Task requirements:
From the line containing "Carhartt CT105533 Mens" through the last line of the material, copy every line exactly, both ends inclusive; do not copy pictures.

** Opening Dataset excerpt block **

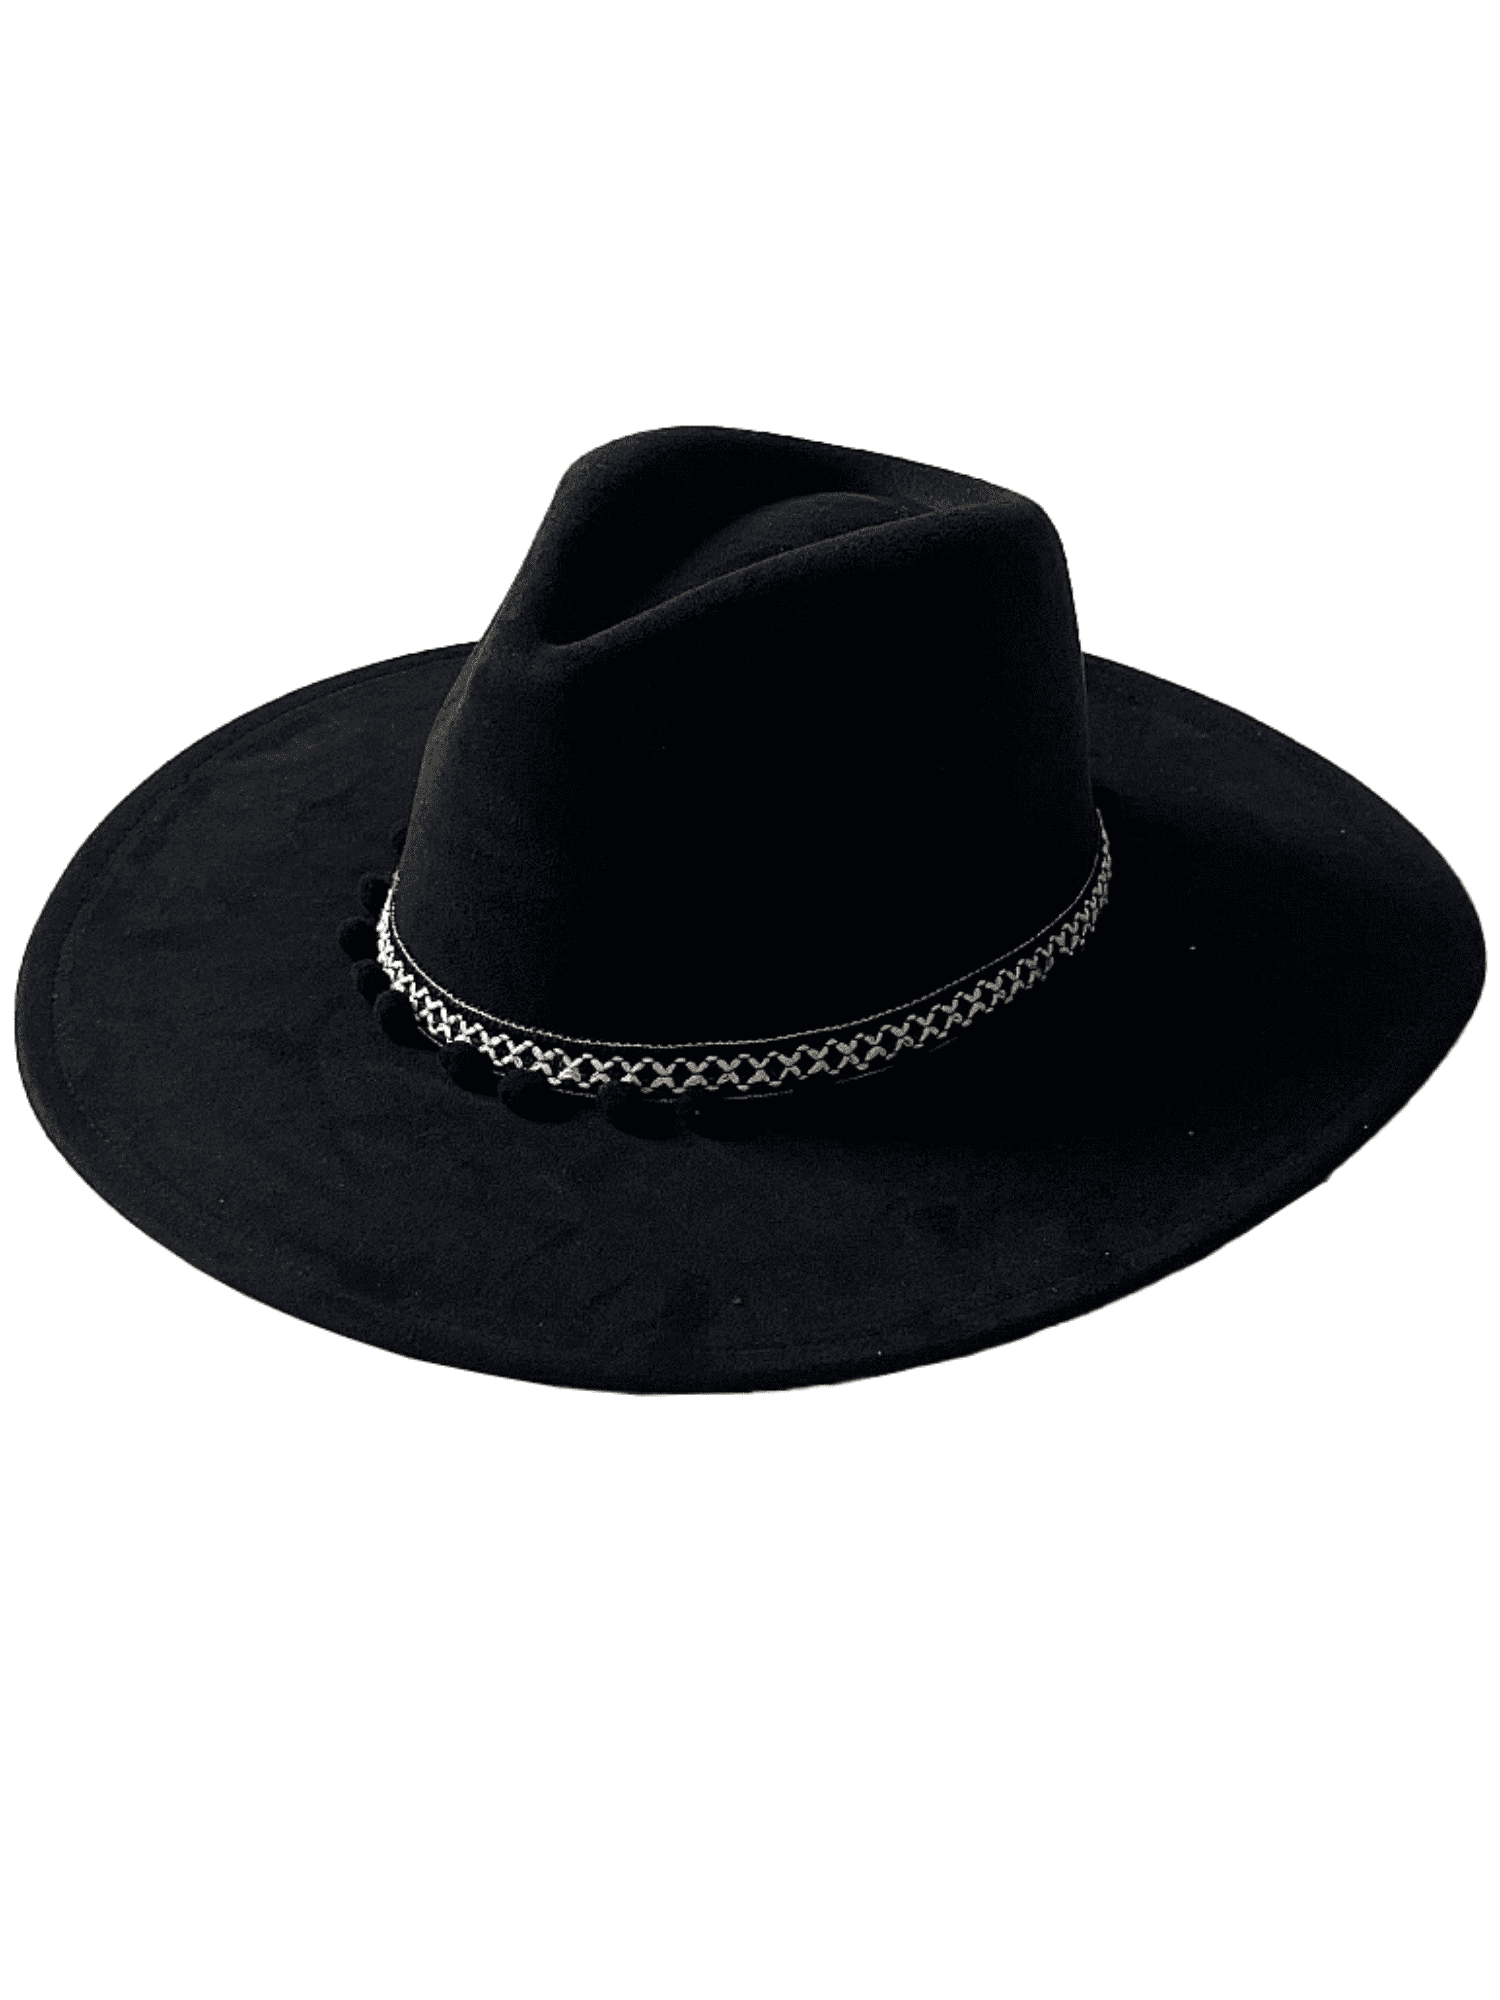 Panama Jack Gambler Straw Hat - Lightweight, 3 Big Brim, Inner Elastic  Sweatband, 3-Pleat Ribbon Hat Band (Black, Large/X-Large)
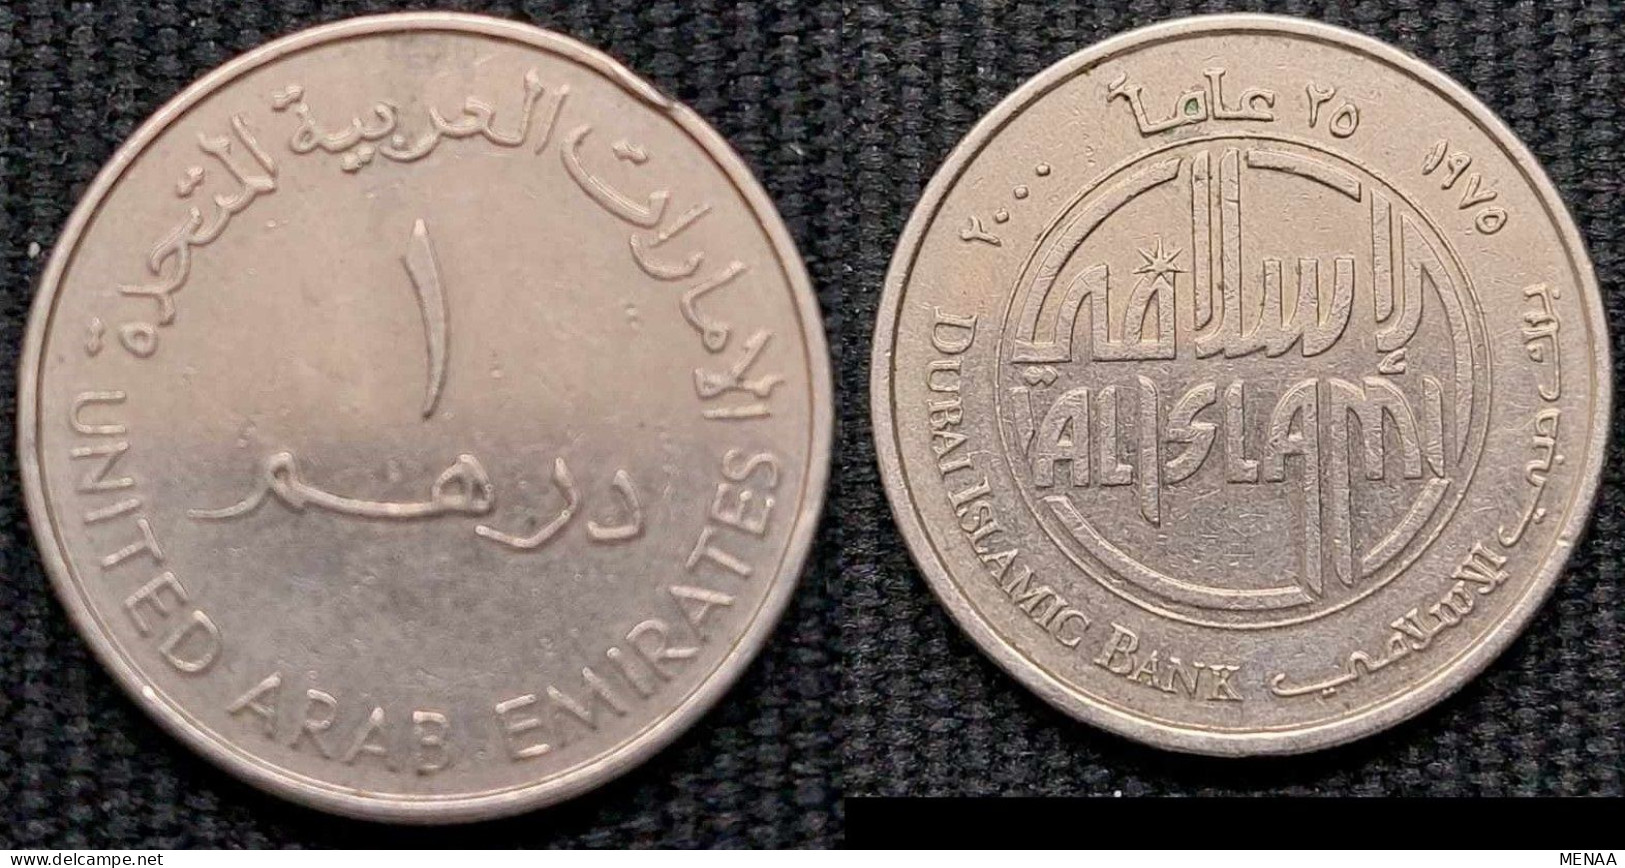 United Arab Emirates -1 Dirham -2000-The Silver Jubilee Of Dubai Islamic Bank - KM 43 - Emirats Arabes Unis
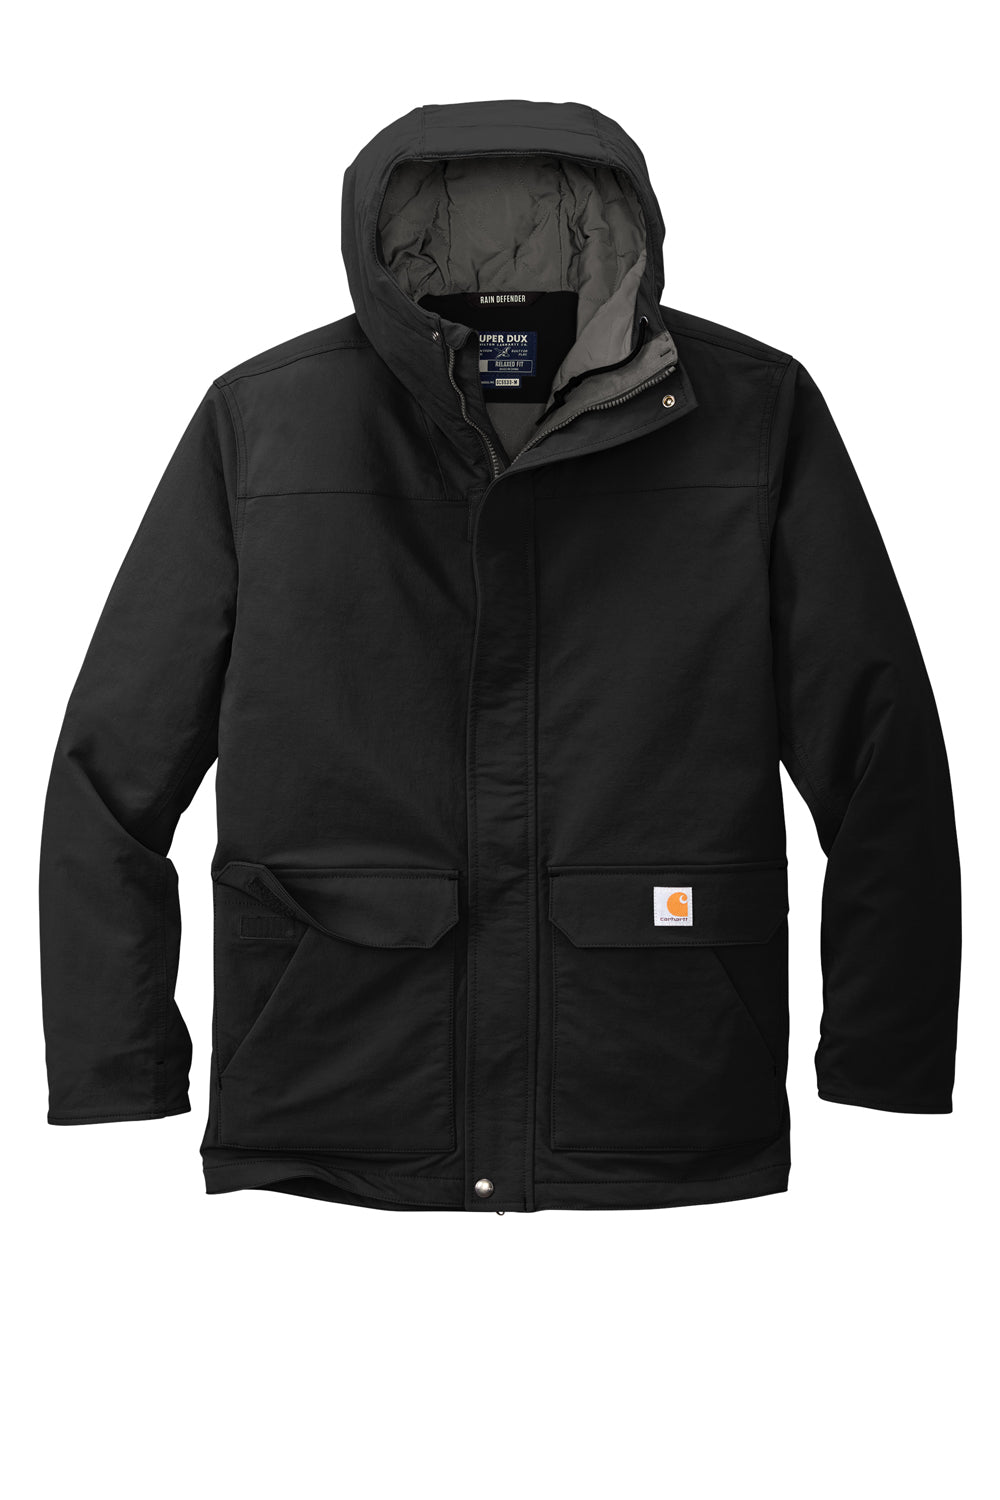 Carhartt CT105533 Mens Super Dux Wind & Water Resistant Full Zip Hooded Jacket Black Flat Front
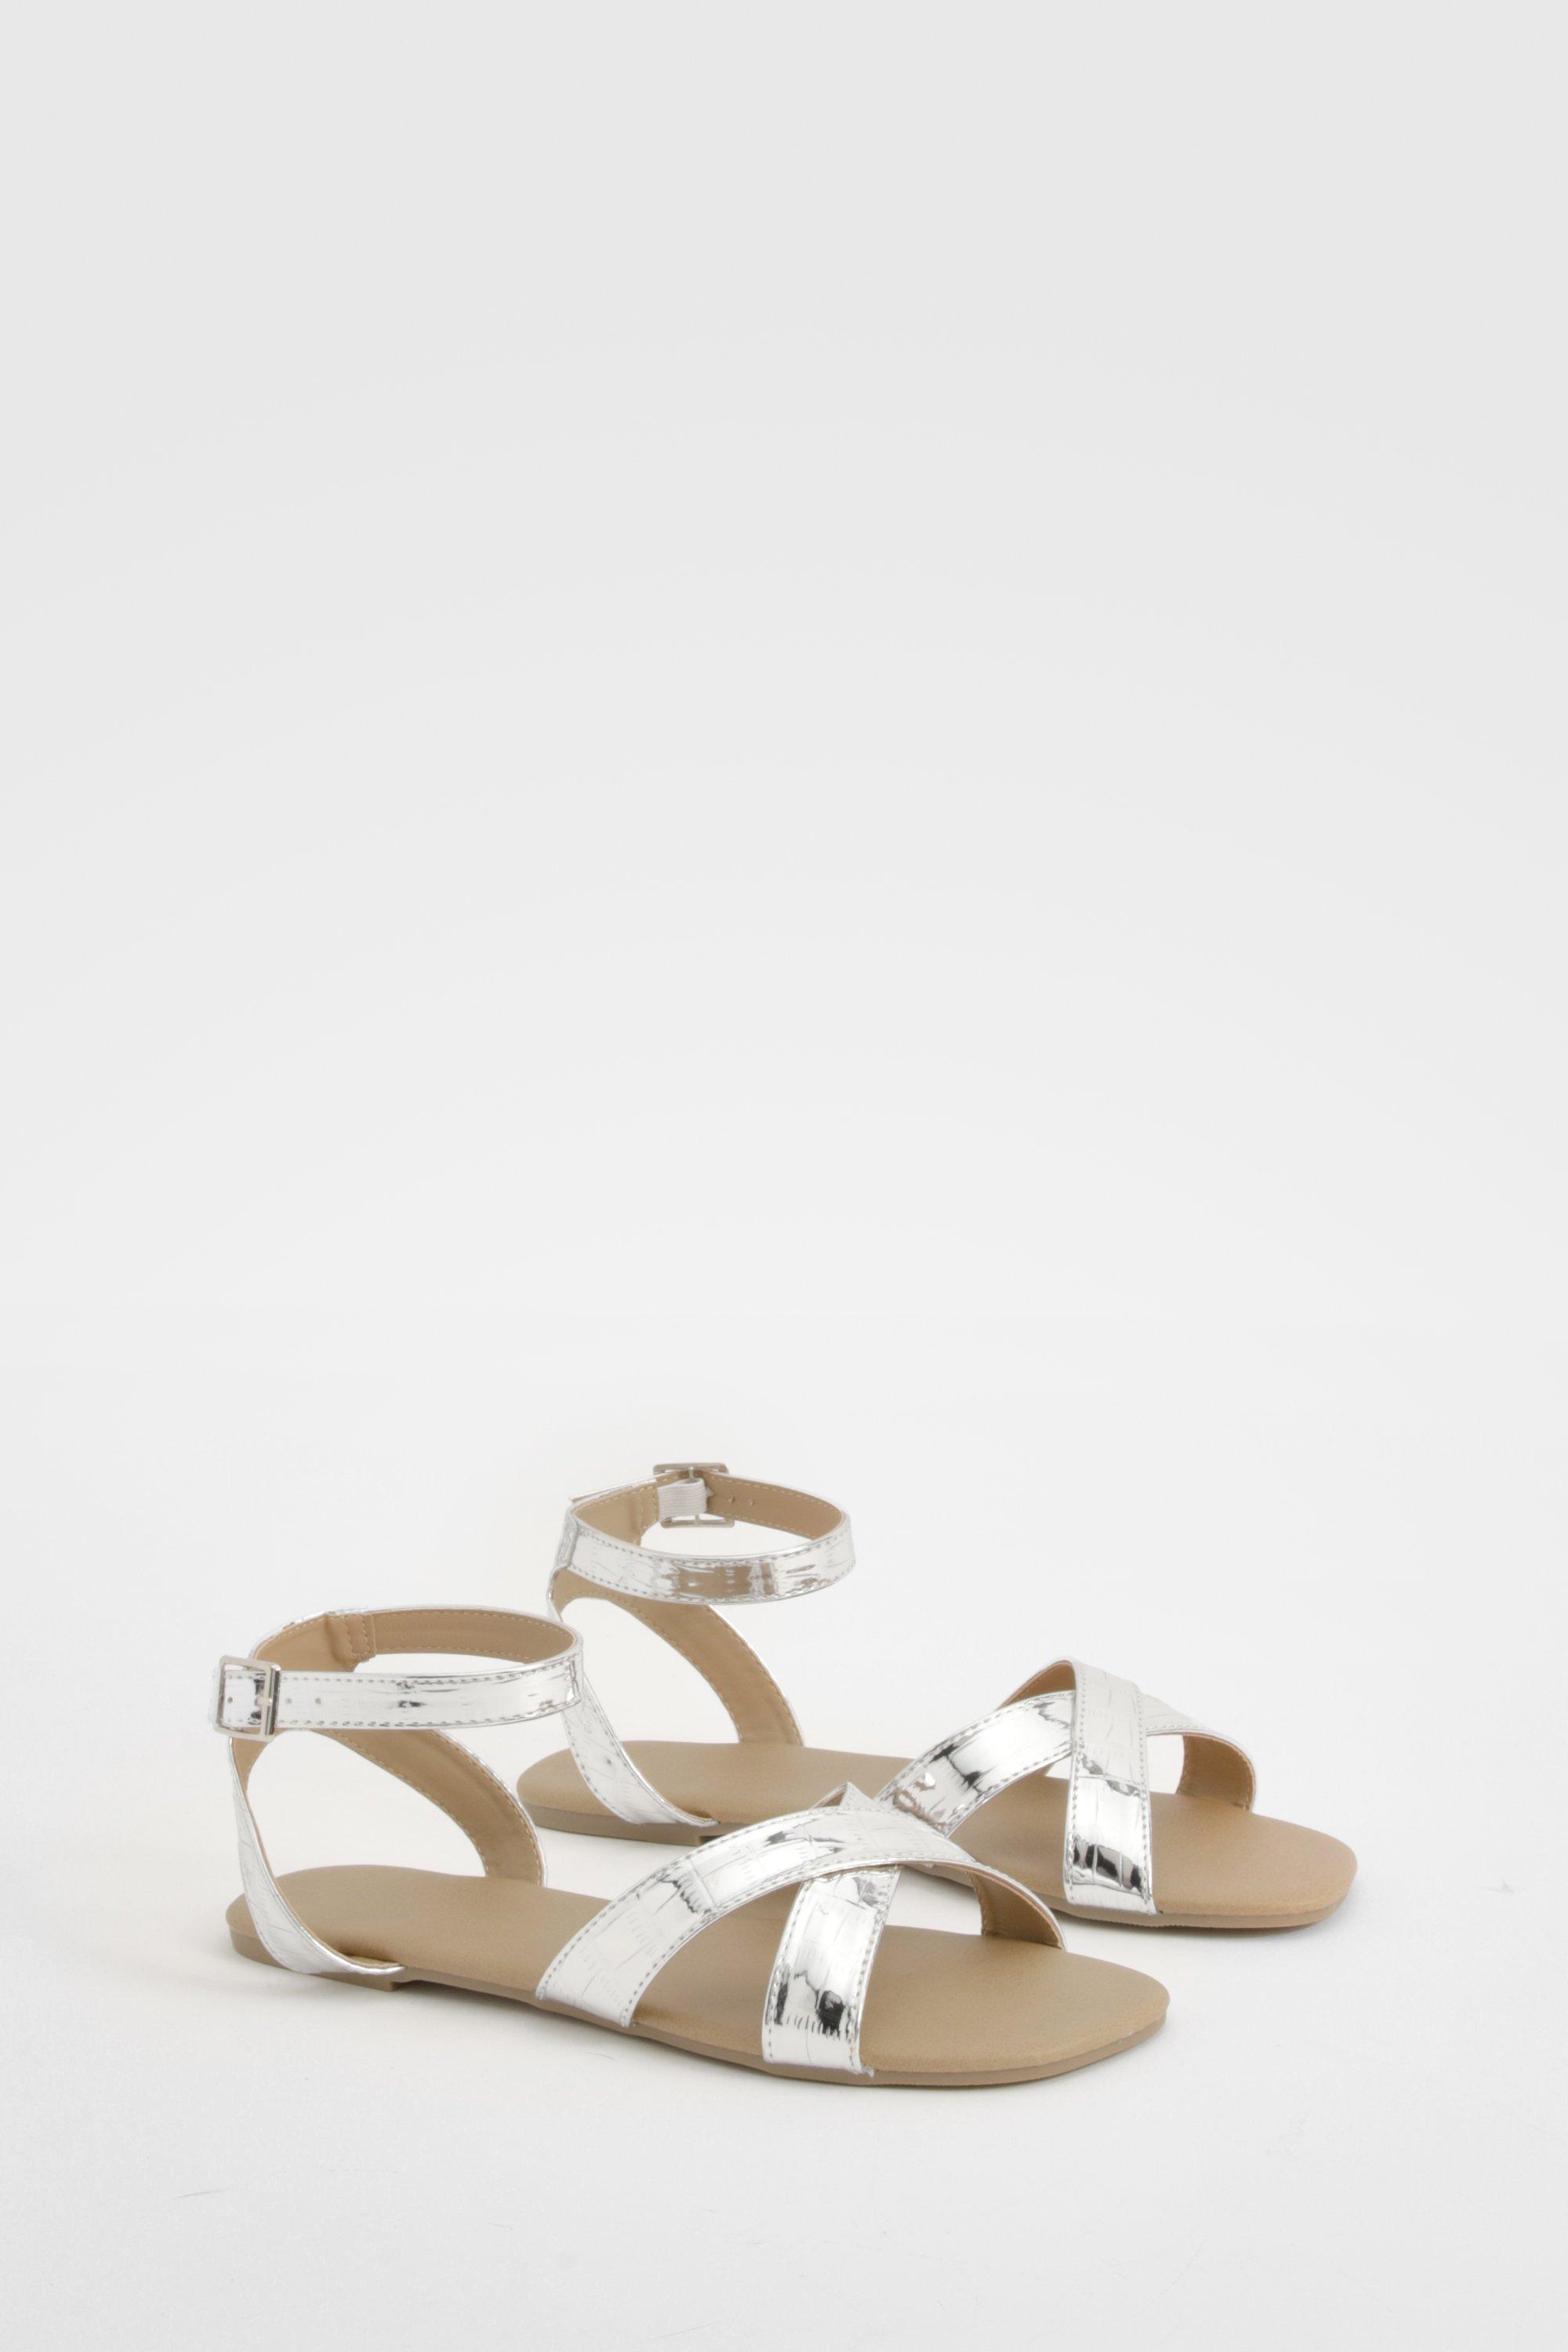 Image of Crossover Basic Flat Sandals, Grigio

** Closing Dataset excerpt block **

Output of the exercise:
 Carhartt CT105533 Mens Super Dux Wind & Water Resistant Full Zip Hooded Jacket Black Flat Front
 Image of Crossover Basic Flat Sandals, Grigio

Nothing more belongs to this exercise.